On the ninth curfew day his soldiers began pounding Tanjong Malim doors. They handed each householder an envelope containing a letter from Templer and a questionnaire form. Wrote George Templer (in Malay, Chinese and Tamil): "If you are a Communist, I do not expect you to reply. If you are not, I want you to give as much information as possible ... It is quite safe . . . none will know which form comes from which house. Do not sign your name unless you want to . . .

Off & On.Templer's questionnaire asked to identify local Communists, their recruiting, agents, propagandists, and those shops supplying them with food and materials. British soldiers collected the forms in locked boxes. In the government residence at Kuala Lumpur, Templer opened the boxes in the presence of six representatives from Tanjong Malim, sent them home with a large photograph of the opening ceremony.

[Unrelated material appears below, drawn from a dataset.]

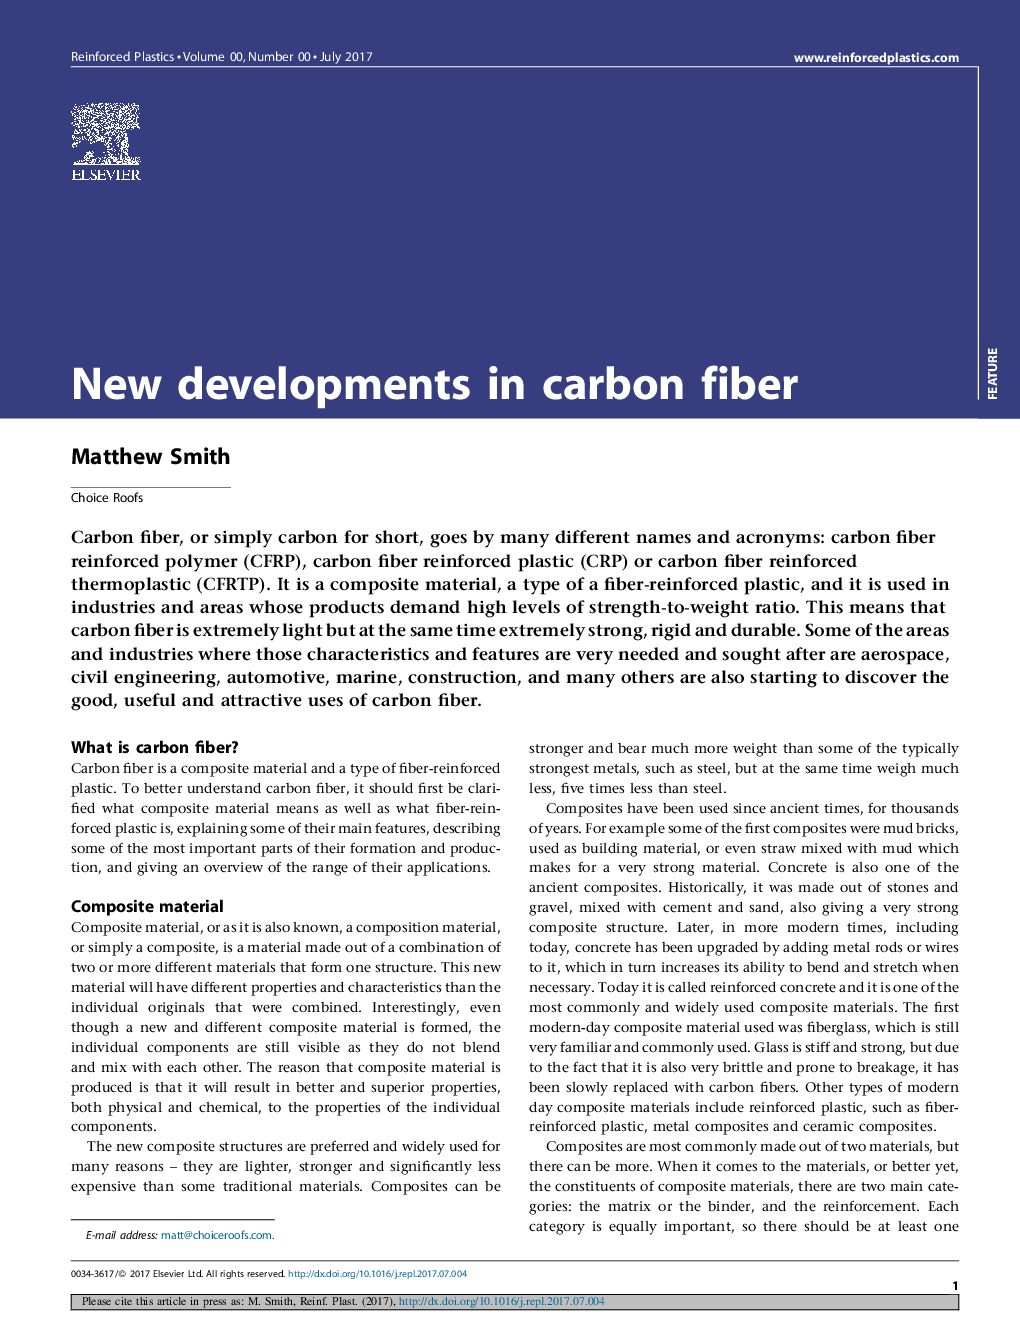 پیشرفت های جدید در فیبر کربن

Templer refused to say what he found in the questionnaires, or how many were blanks, but within four days his men had arrested 28 suspected Communist collaborators, among them several prosperous shopkeepers. Last week in the central playing field at Tanjong Malim, the populace was assembled before a platform decorated with loudspeakers and British and Malayan flags. The people were told that the 22-hour curfew was lifted. Men with 13 days' lost work to make up, and mothers anxious for their pale, sickly children heaved audible sighs of relief.

Immediately, 70 miles to the south, Templer clamped a new curfew and a reduced rice ration on the 4,000 inhabitants of Sungei Pelek. Here Templer hoped his new curfew-and-questionnaire technique would smoke out the whereabouts of 30-year-old Liew Kon Kim, a shrewd Communist leader known as "the bearded wonder." Templer imposed another curfew on 80 square miles of Communist-terrorized rubber estates and tin mines between Kuala Lumpur and Pahang state.

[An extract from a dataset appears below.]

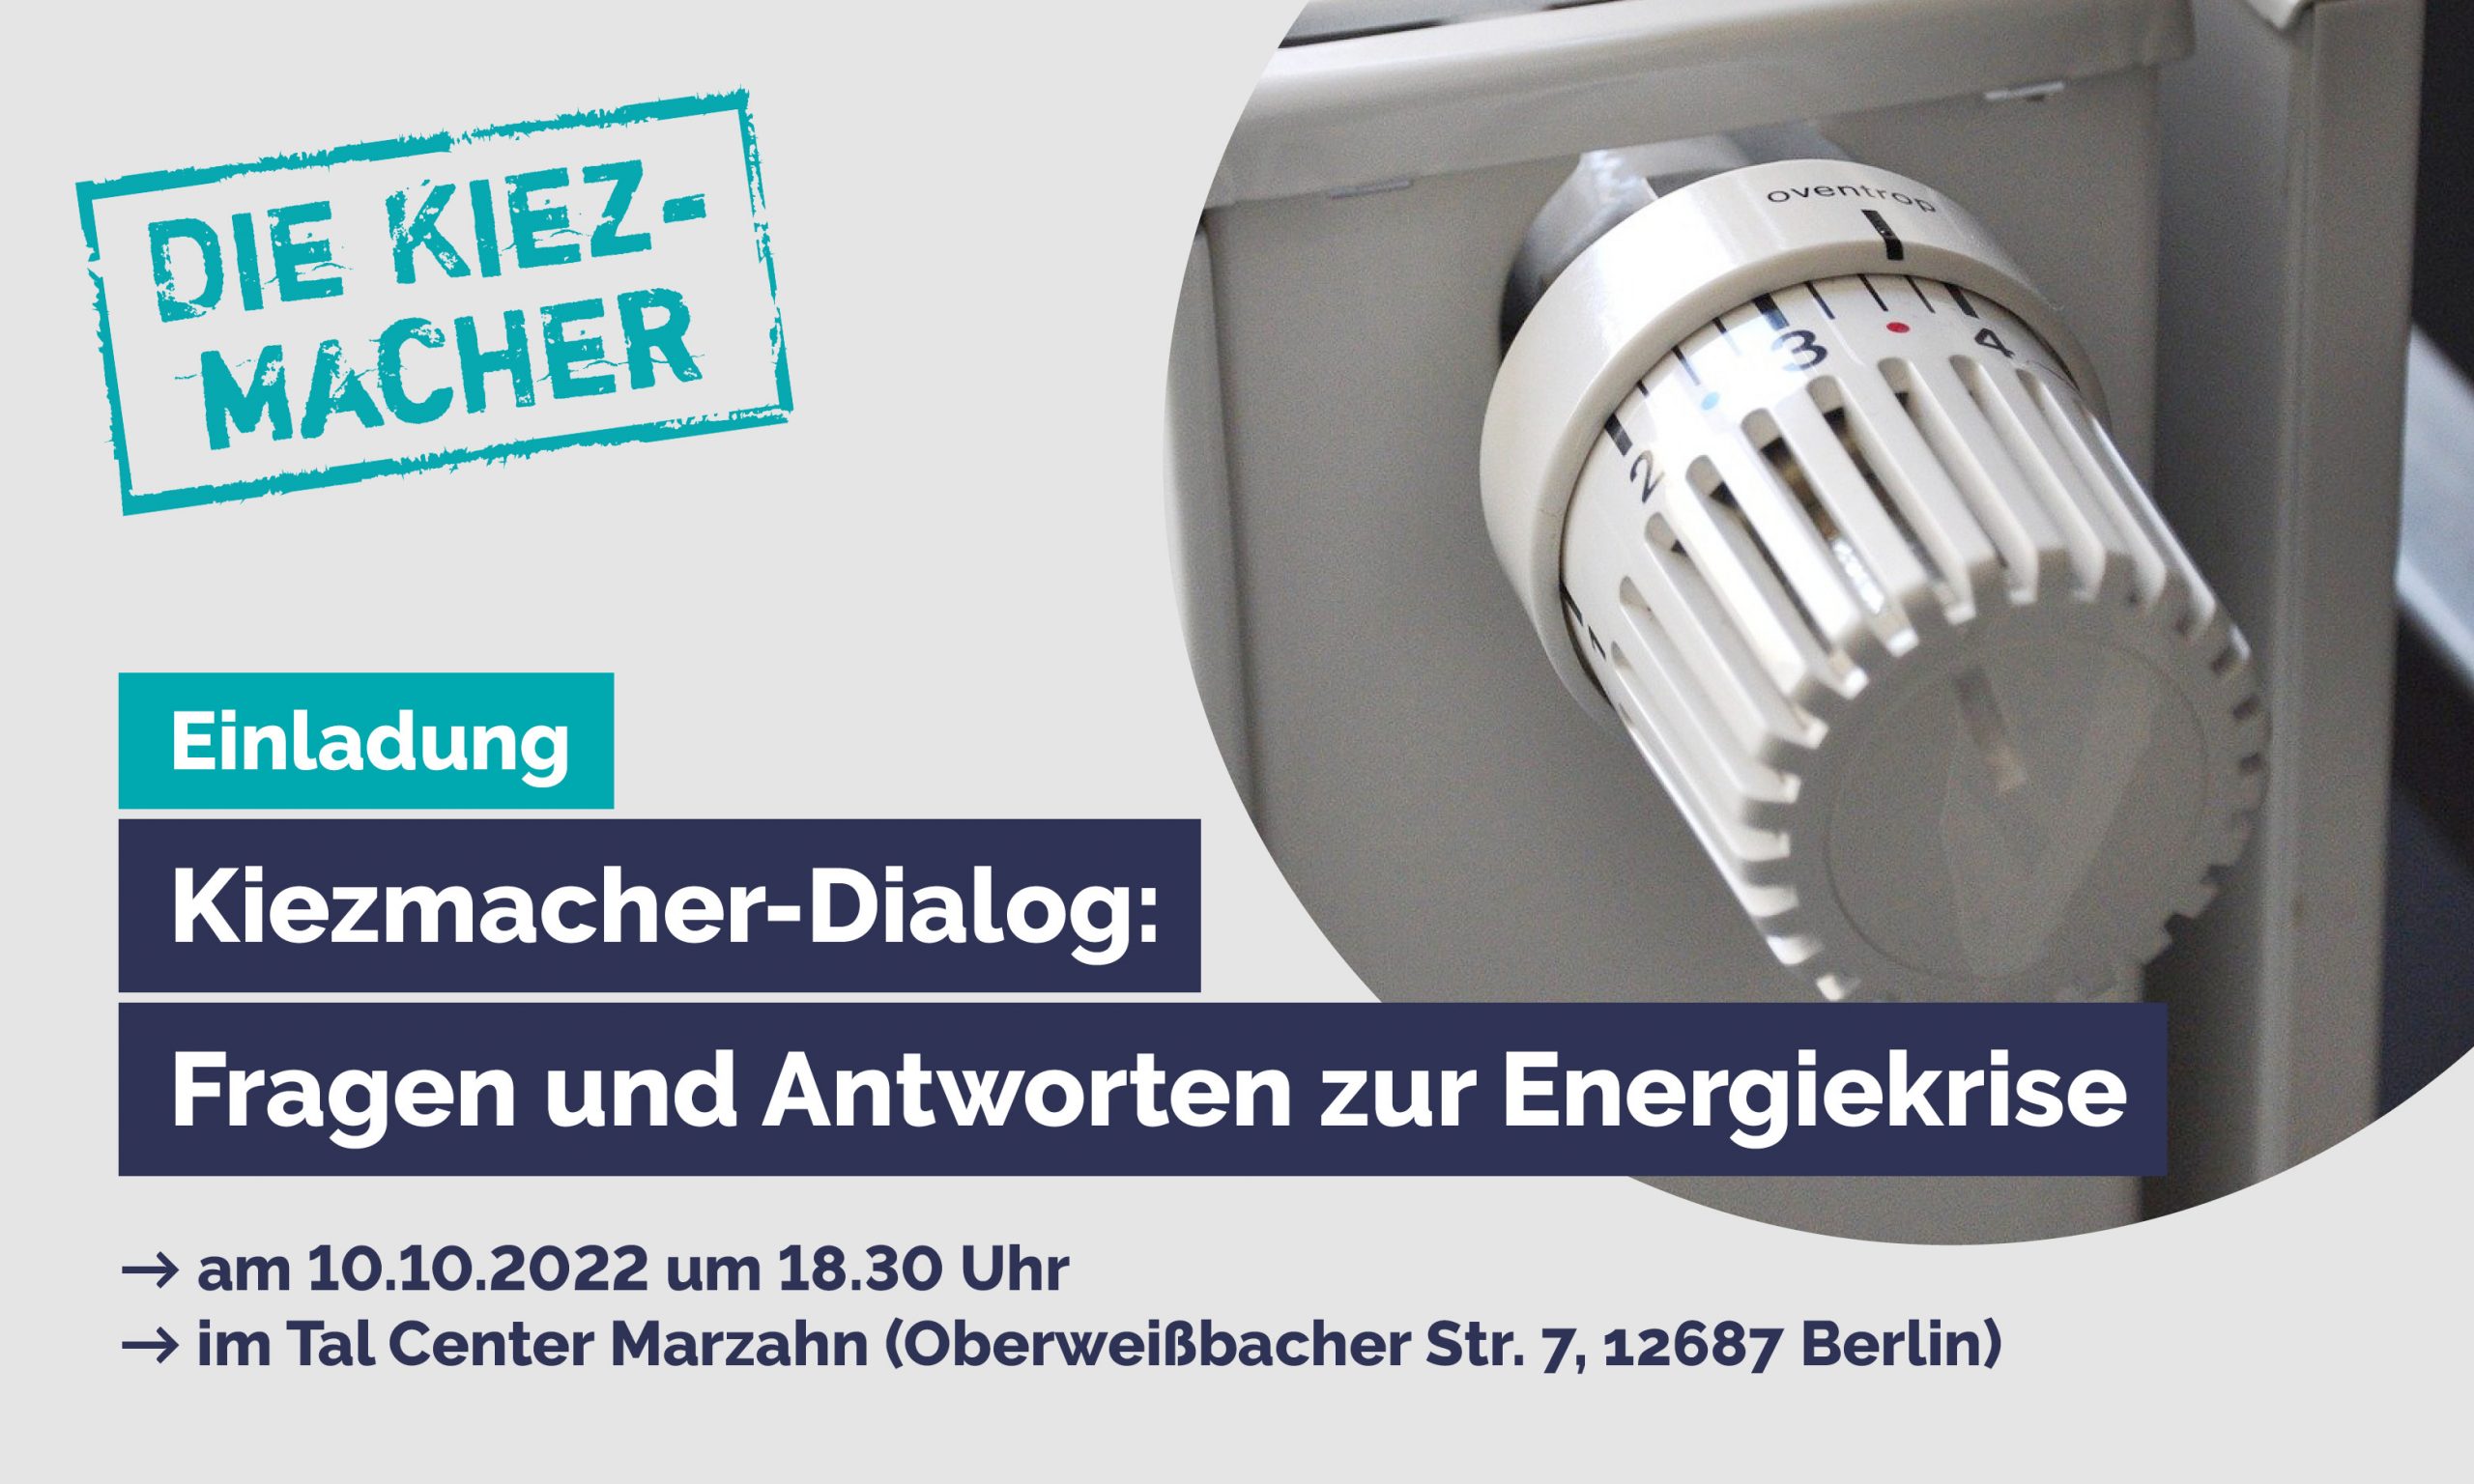 Kiezmacher-Dialog “Fragen und Antworten zur Energiekrise”

Sporty Warfare. Obviously the bristly little general, after only nine weeks as British High Commissioner, was of a mind to seize the initiative from the Communists. For his reorganized forces Templer has ordered quantities of U.S. Army carbines, which he reckons the best jungle-fighting weapon. He has asked Britain for large helicopters to enable his fighters to outflank the Communists from the air. He plans to use chemical warfare, but a unique kind, non-injurious to man or beast. Low-flying light planes will spray plant-killing chemicals on the inaccessible jungle garden plots where the Communists grow their food. Roadside strips of jungle are also being sprayed to destroy natural cover favoring ambuscades.

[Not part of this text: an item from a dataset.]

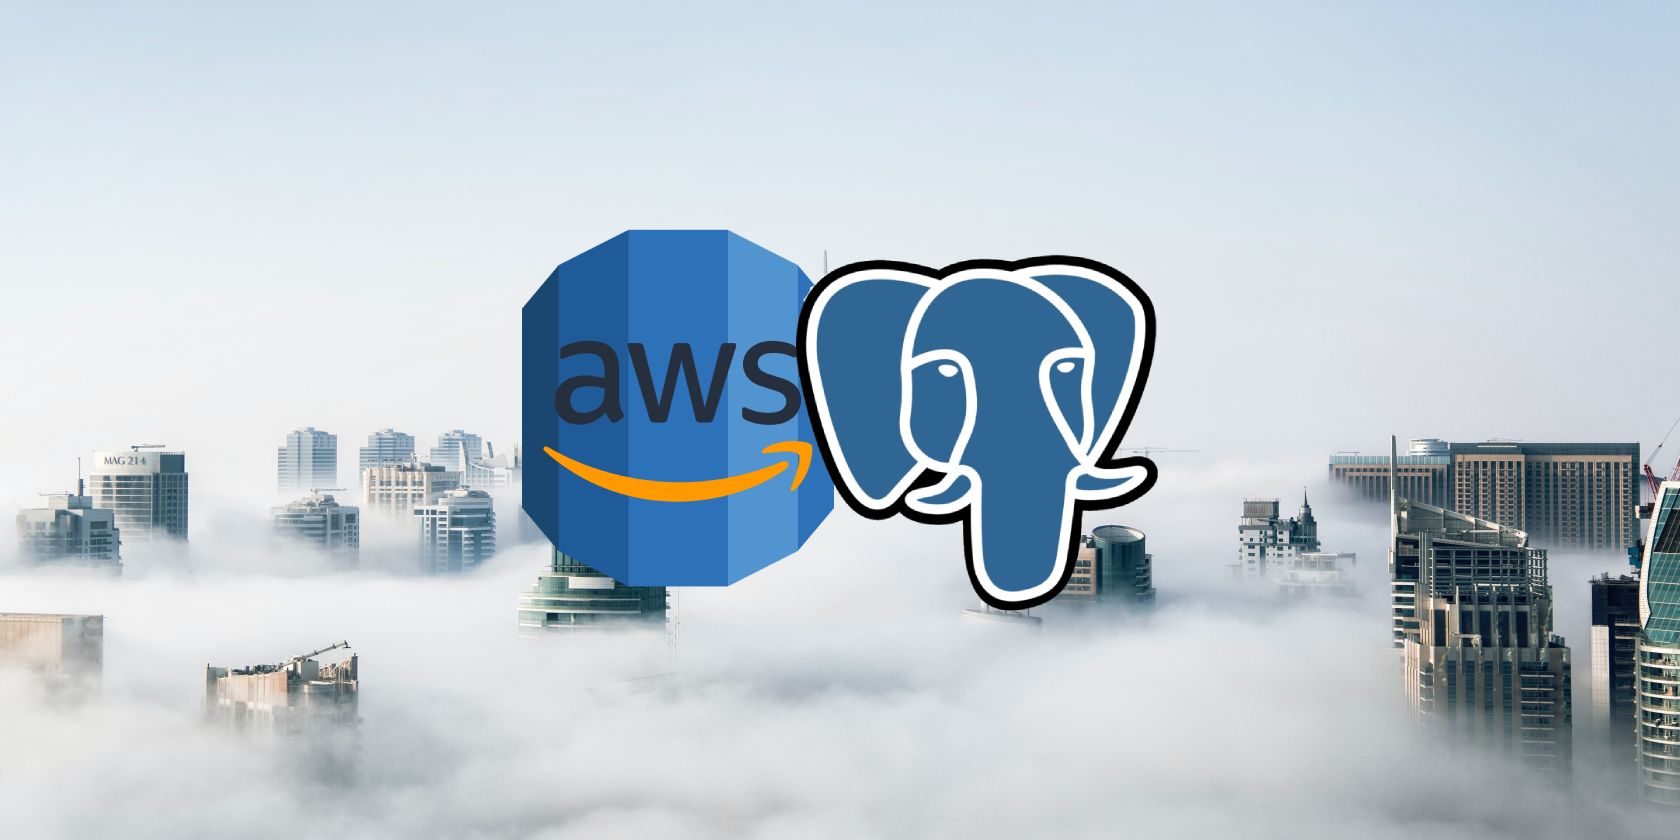 Logo AWS di sebelah logo gajah Postgres, melayang di atas awan dengan puncak gedung pencakar langit hampir tidak terlihat

He has launched a re-examination of the grievances of Chinese residents, from which much of Malaya's unrest stems with the object of finding a way by which Chinese in Malaya may gain some of the privileges of citizenship without offending the Malayan natives, who are now a minority. He has mapped a campaign to bring Chinese into home guard units. Nor did he hesitate to criticize the local British. Said he pointedly, at a Rotary meeting in Kuala Lumpur last week: "The Communists seldom go to races, give dinner parties and cocktail parties or play golf.; Says Templer: "I could win this war in three months, if I could get two-thirds of the people on my side."